Я хотел сломать его защиту, а сломал, как игрушку, его самого. Мерлин, что же я натворил.
— Привет, проф.
Скажи ему.
— Это я во всем виноват.
Он недоуменно вскинул на меня глаза.
— В том, что с тобой случилось. В твоей болезни.
В том, что ты умираешь.
— Я не рассчитал силы. Я был так чертовски зол.
— Значит, было за что.
— Не было. Не было!
— Все равно я вас не виню.
— Ты не понимаешь. Из-за меня ты…
— Побудьте со мной.

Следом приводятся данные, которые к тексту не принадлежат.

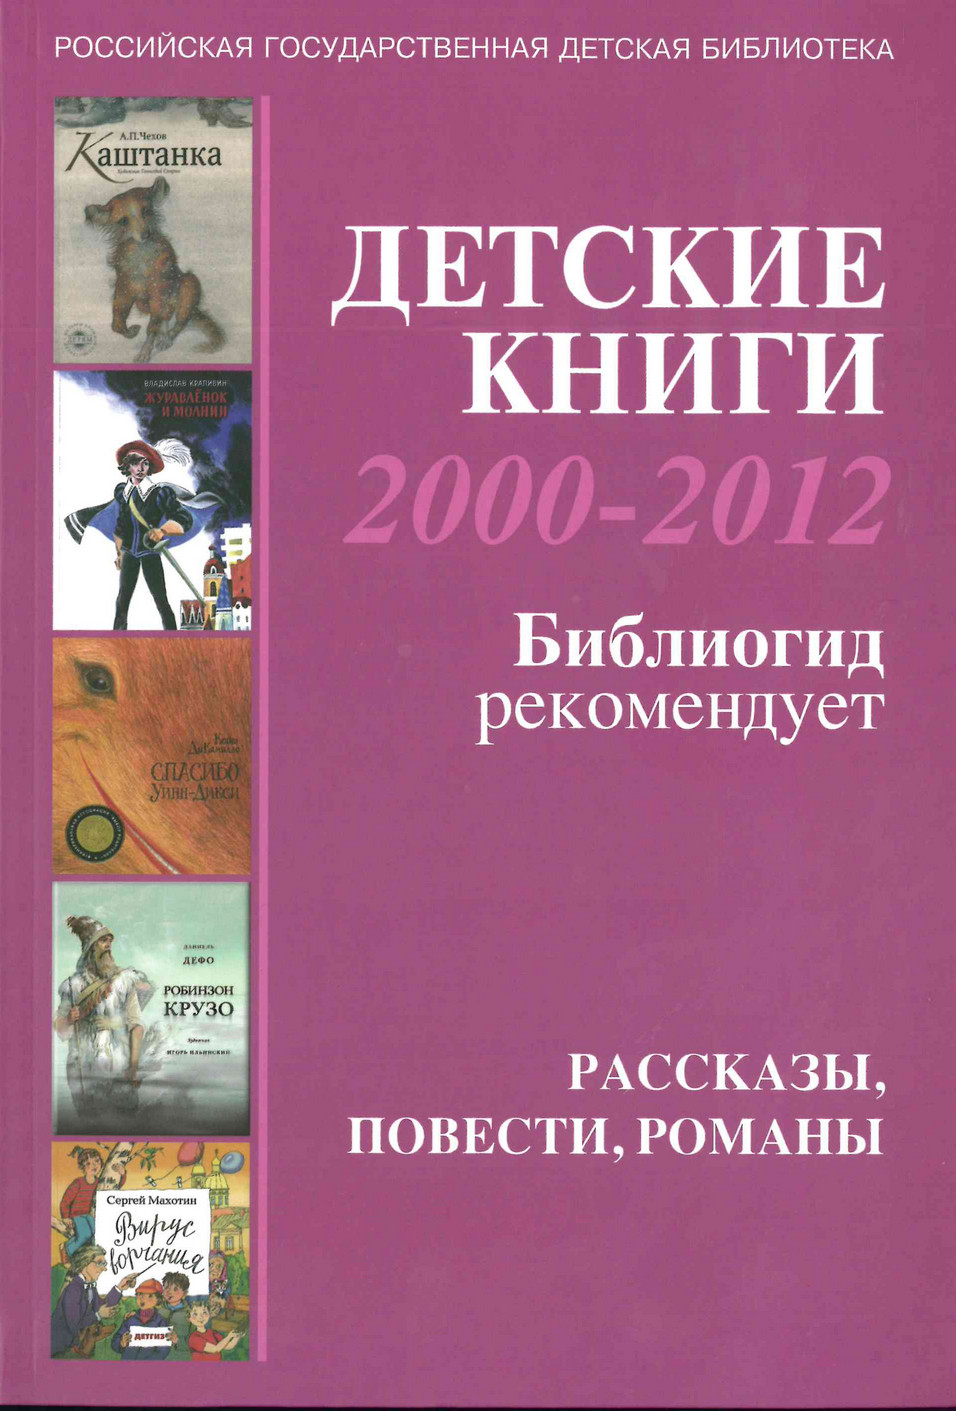  Детские книги 2000-2012: Библиогид рекомендует: [2] Рассказы, повести, романы

Пожалуйста.
Только сейчас я заметил, что так и стою посередине палаты, и присел на край кровати.
— Я ведь умру, да?
Я открыл рот, чтобы возразить, чтобы соврать, но он прижал указательный палец к моим губам.
— Нет, не отвечайте. Лучше скажите вот что… — Он помялся, собираясь с духом. — Там, в той жизни… я с кем-нибудь целовался?
— Гарри, откуда мне это знать?
— Вы знаете обо мне все.
Я потер переносицу, припоминая.
— Да. Наверное, да. Четвертый курс, Святочный Бал, девчонка из… Когтеврана, кажется.
Он нахмурился.
— Не помню. Значит, это не считается.
Помолчали.
— Я хочу узнать, как это.
— Ты хочешь, чтобы я привел…
— Нет. Поцелуйте меня. — И тонкие руки обвили меня за шею, а губы нерешительно потянулись к моим.
— Гарри, это неправильно.
— Мне нечего терять. А вам все равно ничего не стоит.
Он был прав. Это самое малое, что я мог для него сделать.
От него совсем не пахло болезнью, а у губ и языка не было привкуса лекарственных зелий. Я показал ему все, что умел сам, а потом позволил перехватить инициативу. В этих поцелуях не было страсти, лишь бесконечная нежность с моей стороны и отчаянное желание познать неизведанное, пока еще есть время — с его.
Но когда мы, наконец, отстранились друг от друга, его глаза влажно блестели, а мое сердце билось глухо и больно.
* * *
Вскоре после моего ухода с ним случился очередной приступ — сильнее, чем обычно. Когда я пришел на следующий день, он провел без сознания уже почти сутки. Колдомедики лишь беспомощно разводили руками. Я готов был их убить.
Он умирает. Смирись с этим.
Я заперся в его палате, наложив на дверь звуконепроницаемые чары. День сменился вечером, вечер — ночью. Я не помнил всего, что говорил и делал. Возможно, я гладил его спутанные пряди и умолял простить меня. Наверно, я прижимал к себе его исхудавшее тело и просил вернуться, открыть глаза. Скорее всего, я хватался за его больничную пижаму и требовал не уходить, остаться, еще раз дать мне увидеть, услышать, почувствовать.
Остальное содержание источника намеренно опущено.